L’accès à l’emploi pour tous est un axe majeur du gouvernement français et une loi intitulée “Pour le Plein emploi” est en préparation pour atteindre cet objectif. Outre la transformation de Pôle emploi en France Travail ainsi que d’autres mesures, cette loi comporte un volet important qui concerne les bénéficiaires du RSA, Revenu de solidarité active.

La réforme du RSA, qui s’attache particulièrement à l’accompagnement professionnel des bénéficiaires, a été instaurée le 1er janvier 2024, même si sa mise en oeuvre est étalée sur le temps, et nous allons regarder ensemble ce qu’elle comporte comme modifications pour les allocataires.


RSA historique : sa création et son évolution

Et pour commencer, souvenons-nous : le 1er décembre 1988 une loi qui institue le RMI, Revenu minimum d’insertion, est votée et appliquée par le gouvernement de Michel Rocard dans un contexte de chômage massif.
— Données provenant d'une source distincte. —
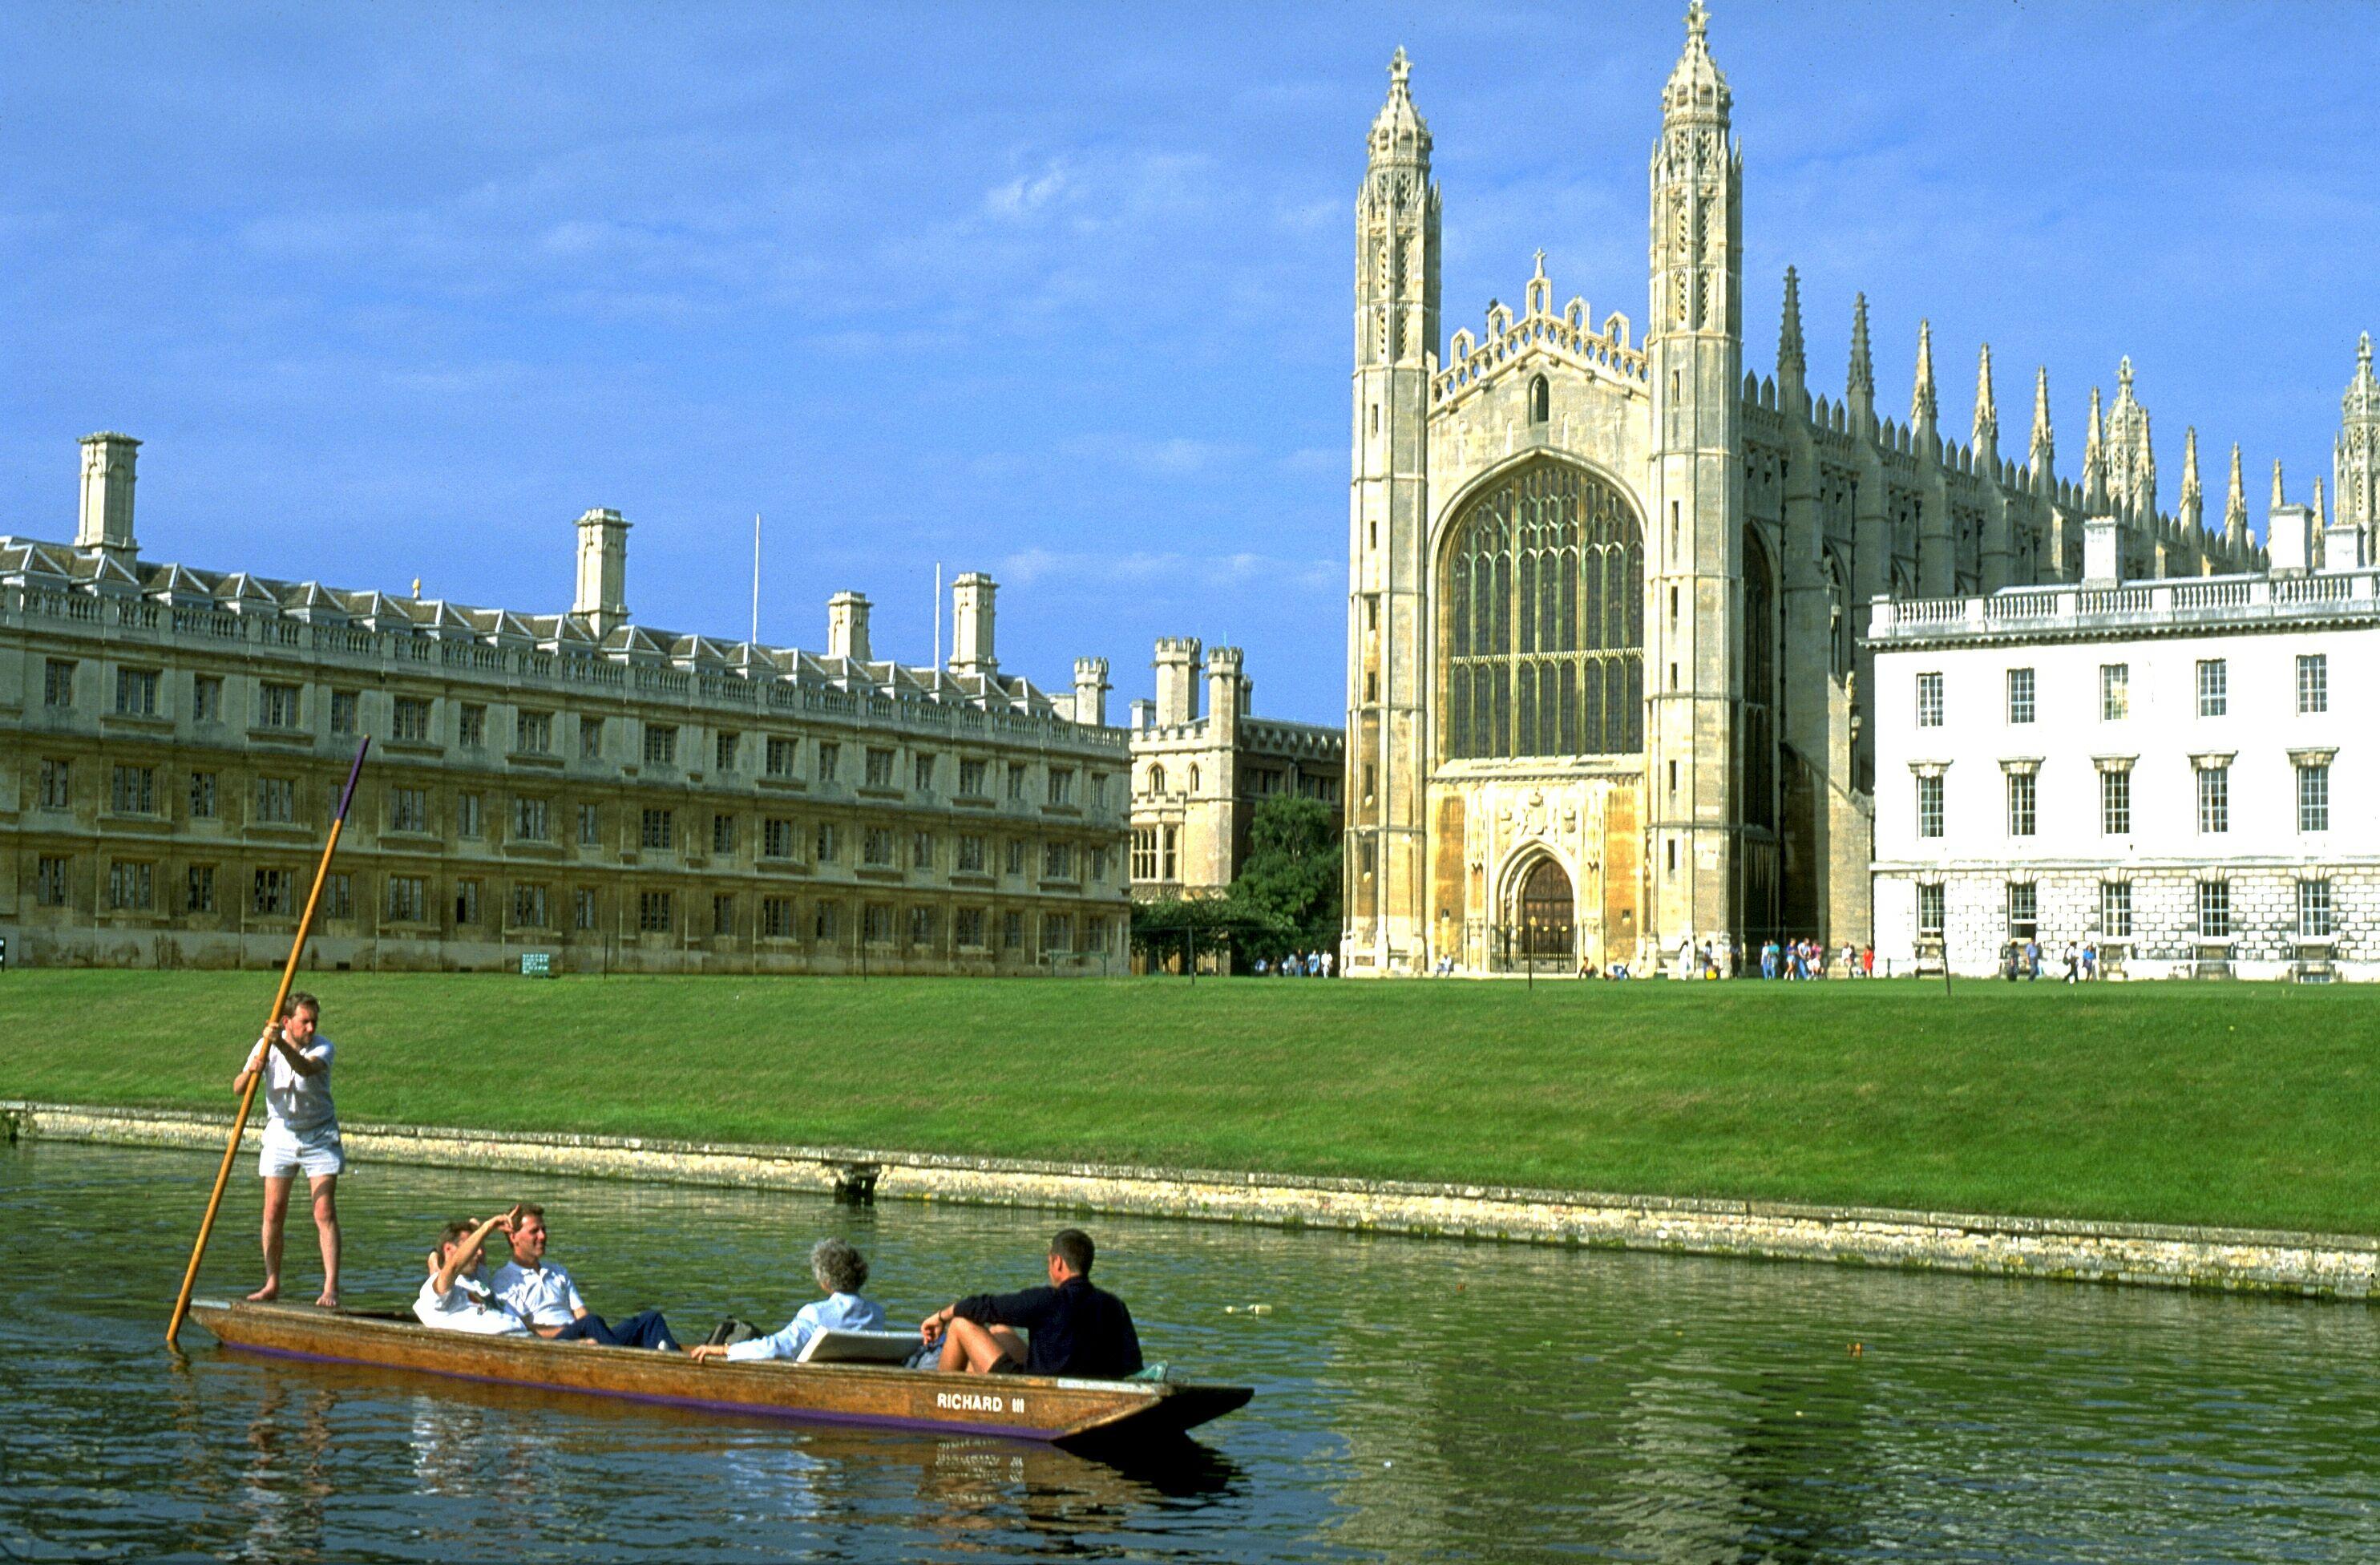 Cambridge er en af de mange seværdige destinationer tæt på London. Universitetsbyen ligger nord for London. Arkivpressefoto.

Ce dernier, à l’origine de cette loi, a déclaré que “le RMI a sauvé de l’absence de ressources près de deux millions de Français.” Après la Sécurité sociale, le minimum vieillesse et les allocations chômage, le RMI a instauré le droit à un revenu minimum pour tous.

Vingt ans plus tard, le RSA prend le relais : promulguée le 1er décembre 2008 une loi instaure le Revenu de solidarité active. Le RSA entre en vigueur le 1er juin 2009 en France métropolitaine, il faudra attendre encore un peu pour les territoires ultramarins.
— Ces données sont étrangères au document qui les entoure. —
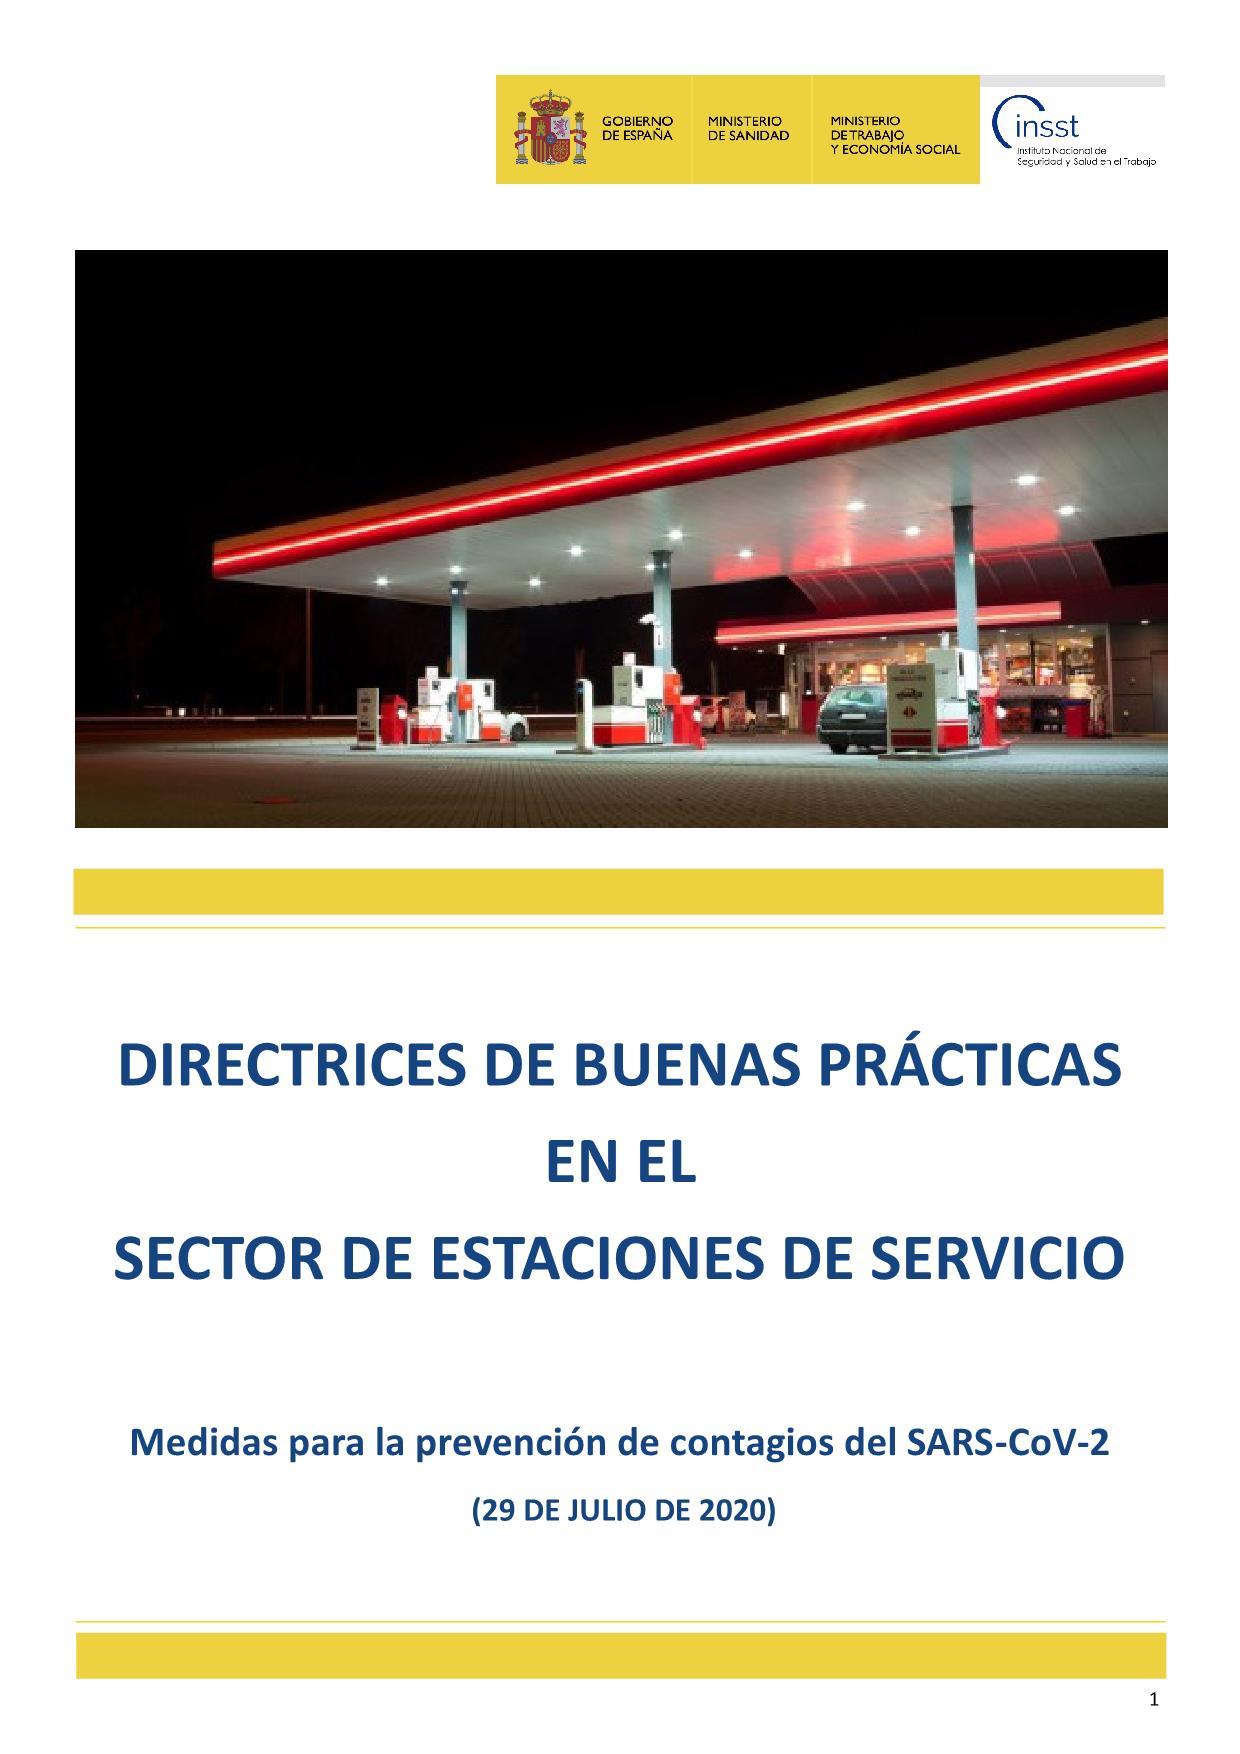 Directrices de buenas prácticas en el Sector Estaciones de Servicio_1

Le Revenu de solidarité active a pour objectif, outre le fait de donner aux plus démunis les moyens  de leur dignité, de favoriser le retour à l’emploi. Par ailleurs Nicolas Sarkozy, alors président de la République, souligne le devoir de solidarité en déclarant : “S’il y a de l’argent pour le haut, il doit aussi y avoir de l’argent pour le bas.”

À sa création le RSA était composé d’un volet social, le RSA socle, et un volet lié à l’activité professionnelle, le RSA activité. Depuis 2016, la Prime d’activité a remplacé le RSA activité.

En 2010 ce dispositif de solidarité est complété du RSA jeune qui est accordé aux personnes éligibles de moins de 25 ans.

Le RSA tel que nous le connaissons aujourd’hui concernait à la fin de l’année 2021 1,93 million de bénéficiaires, soit 3,87 millions de personnes en comptant les conjoints et les enfants, soit encore 5,7% de la population française.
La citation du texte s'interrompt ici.